Second, the Road Sharing Principle is precisely as it is denominated - a principle. It cannot be considered an absolute
imposition to encroach upon the province of public respondents to determine the manner by which this principle is applied
or considered in their policy decisions. Mandamus lies to compel the performance of duties that
are purely ministerial in nature, not those that are discretionary,and the official can only be directed by mandamus to act
but not to act one way or the other. The duty being enjoined in mandamus must be one according to the terms provided in
the law itself. Thus, the recognized rule is that, in the performance of an official duty or act involving
discretion, the corresponding official can only be directed by mandamus to act, but not to act one way or the other.

In this case, there is no showing of unlawful neglect on the part of the respondents to perform any act that the law
specifically enjoins as a duty - there being nothing in the executive issuances relied upon by the petitioners that
specifically enjoins the bifurcation of roads to implement the Road Sharing Principle. To the opposite, the
respondents were able to show that they were and are actively implementing projects and programs that seek to improve
air quality.

At its core, what the petitioners are seeking to compel is not the performance of a ministerial act, but a discretionary act -
the manner of implementation of the Road Sharing Principle.

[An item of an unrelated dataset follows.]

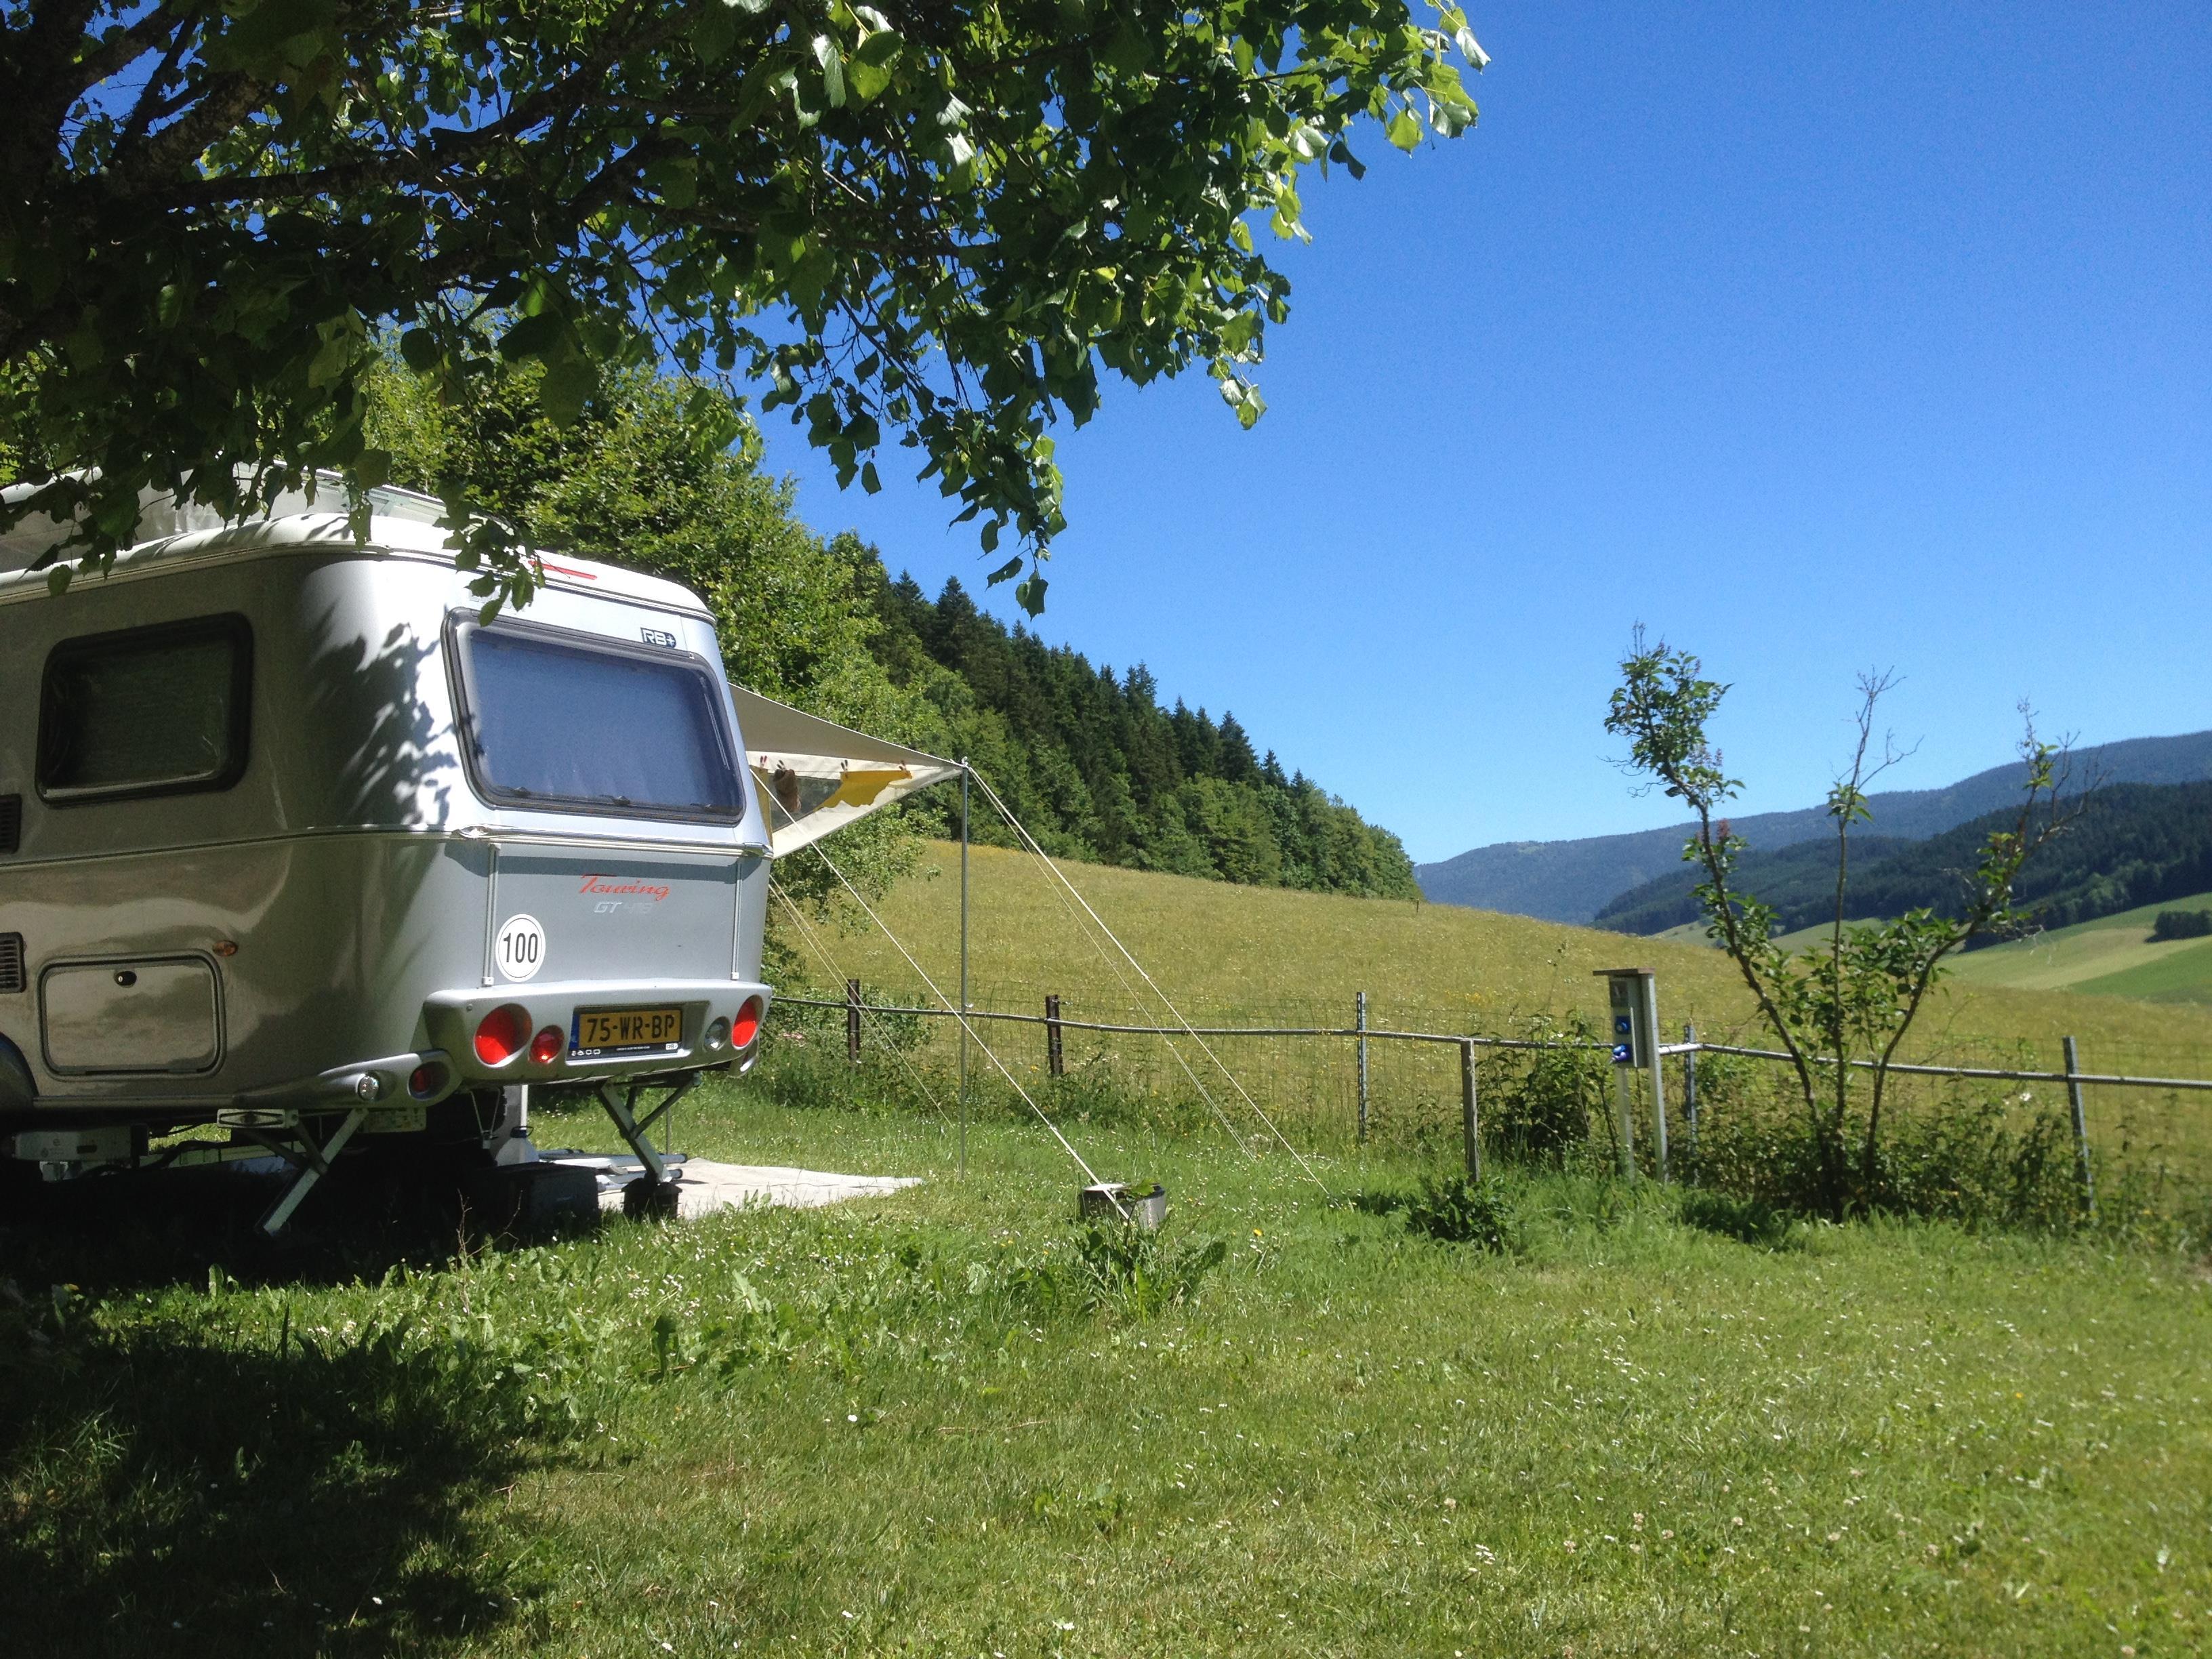 Emplacement - Emplacement De Camping - Forfait 2 À 6 Personnes Pour Tente, Caravane Ou Camping-Car - Camping Les Eymes
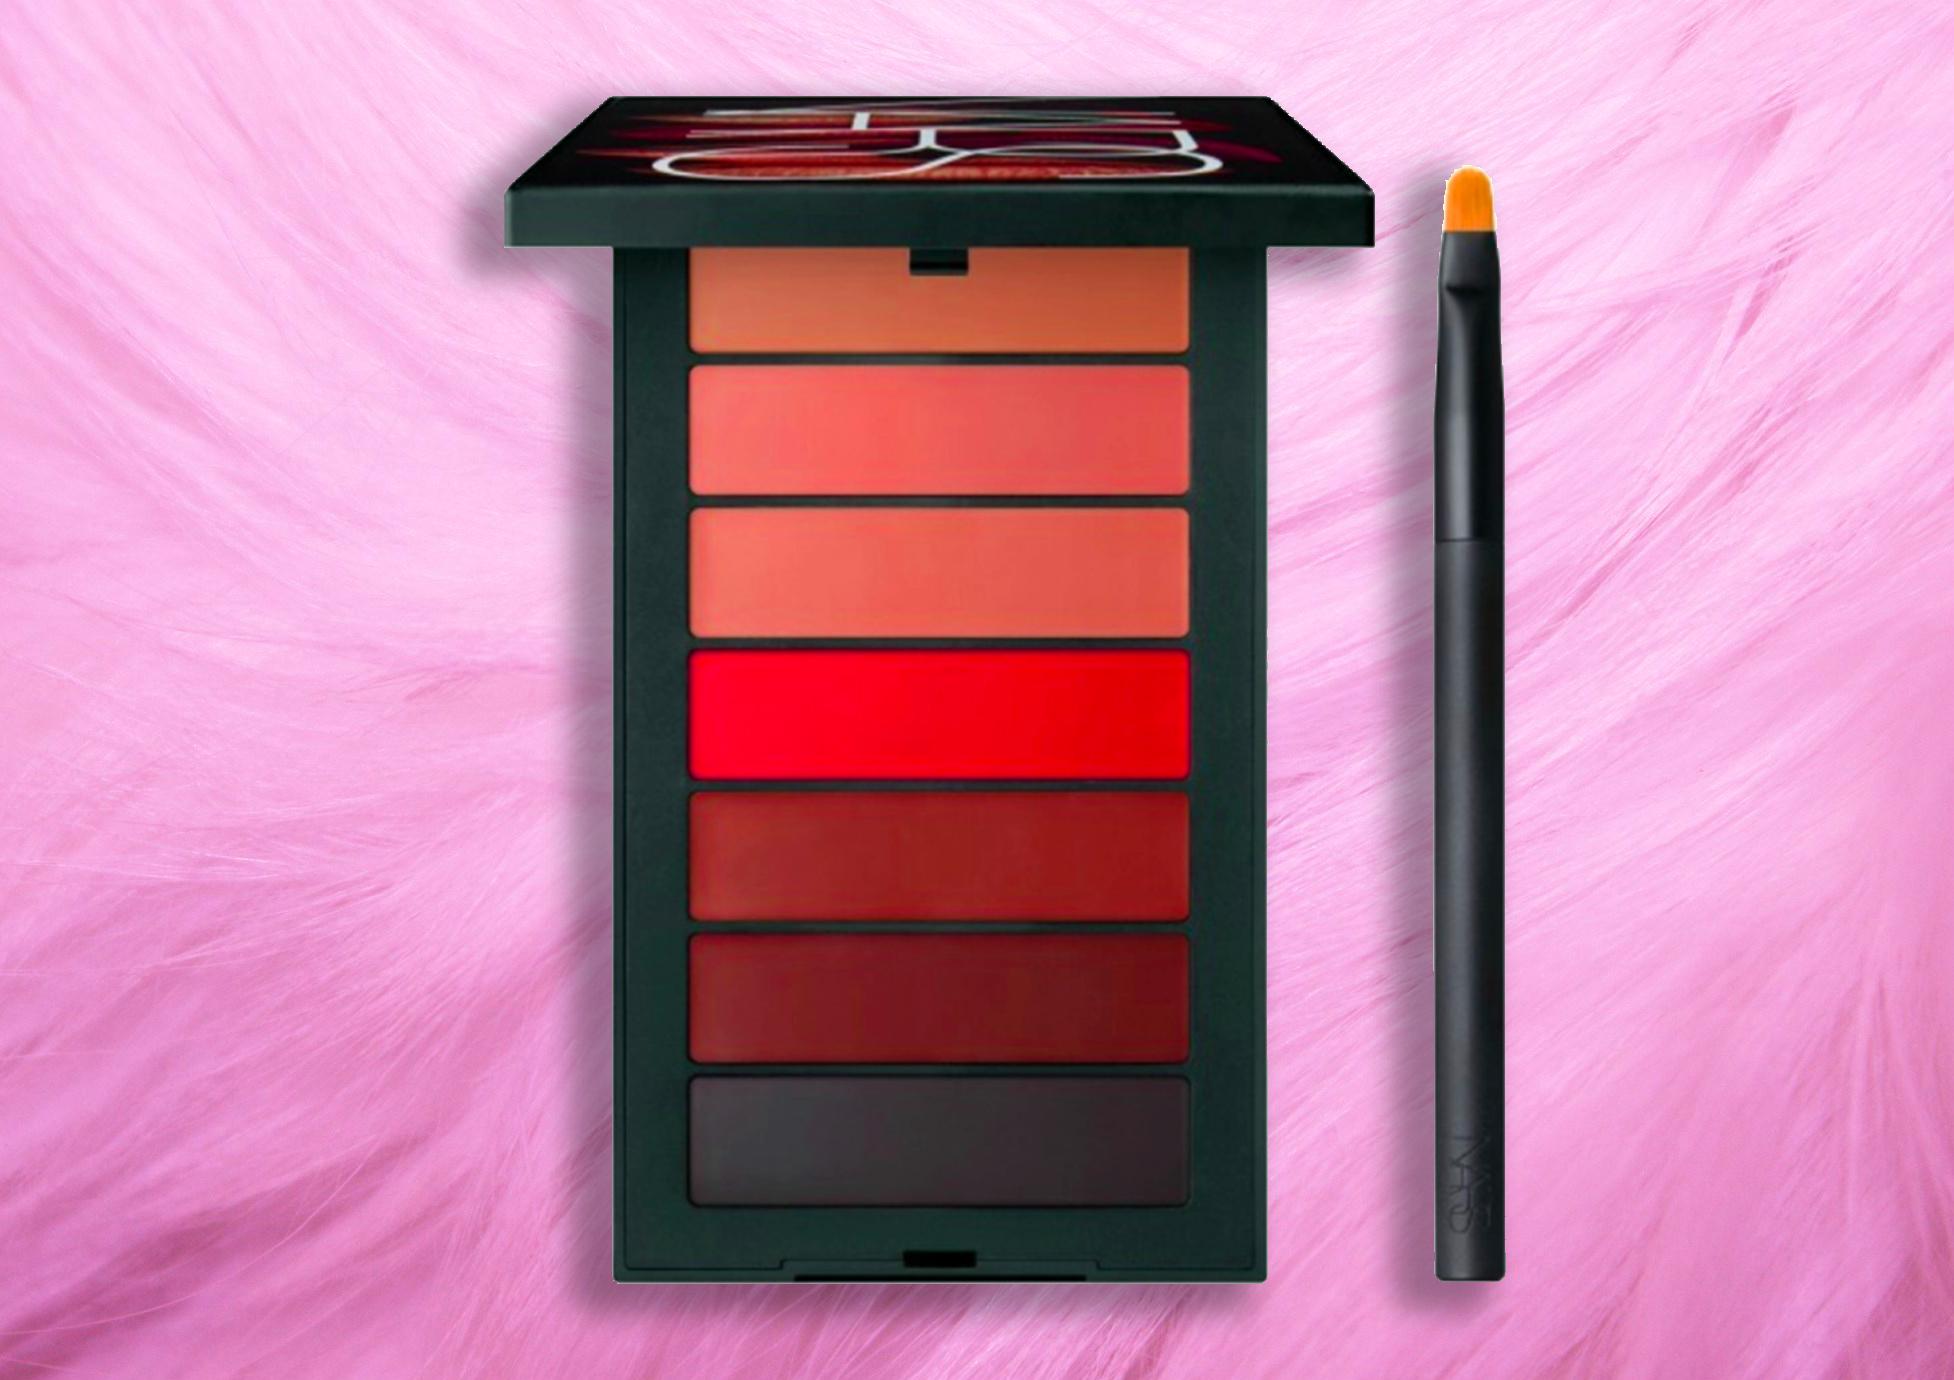 Le novità della collezione Nars Autunno 2018, info, prezzi, swatch, opinioni, recensione, review - 7 Deadly Sins Audacious Lipstick Palette

Clearly, petitioners' preferred specific course of action (i.e.
the bifurcation of roads to devote for all-weather sidewalk and bicycling and Filipino-made transport vehicles) to
implement the Road Sharing Principle finds no textual basis in law or executive issuances for it to be considered an act
enjoined by law as a duty, leading to the necessary conclusion that the continuing mandamus prayed for seeks not the
implementation of an environmental law, rule or regulation, but to control the exercise of discretion of the executive as to
how the principle enunciated in an executive issuance relating to the environment is best implemented. Clearly, the
determination of the means to be taken by the executive in implementing or actualizing any stated legislative or executive
policy relating to the environment requires the use of discretion.
Absent a showing that the executive is guilty of "gross abuse of discretion, manifest injustice or palpable excess of
authority," the general rule applies that discretion cannot be checked via this petition for continuing mandamus. Hence,
the continuing mandamus cannot issue.

Road Users' Tax


It bears clarifying that the Road Users' Tax mentioned in Section 9(e) of EO 774, apparently reiterated in Section 5 of AO
254 is the Special Vehicle Pollution Control Fund component of the Motor Vehicle Users' . Charge ("MVUC') imposed on
owners of motor vehicles in RA 8794, otherwise known as the Road Users' Tax Law. By the express provisions of the
aforementioned law, the amounts in the special trust accounts of the MVUC are earmarked solely and used exclusively
(1) for road maintenance and the improvement of the road drainage, (2) for the installation of adequate and efficient traffic
lights and road safety devices, and (3) for the air pollution control, and their utilization are subject to the management of
the Road Board.Verily, the petitioners' demand for the immediate and unilateral release of the Road Users' Tax by the
DBM to support the petitioners' operationalization of this Road Sharing Principle has no basis in law.

In fine, the allegations and supporting evidence in the petition fall short in showing an actual or threatened violation of the
petitioners' constitutional right to a balanced and healthful ecology arising from an unlawful act or omission by, or any
unlawful neglect on the part of, the respondents that would warrant the issuance of the writs prayed for.

WHEREFORE, the petition is DISMISSED.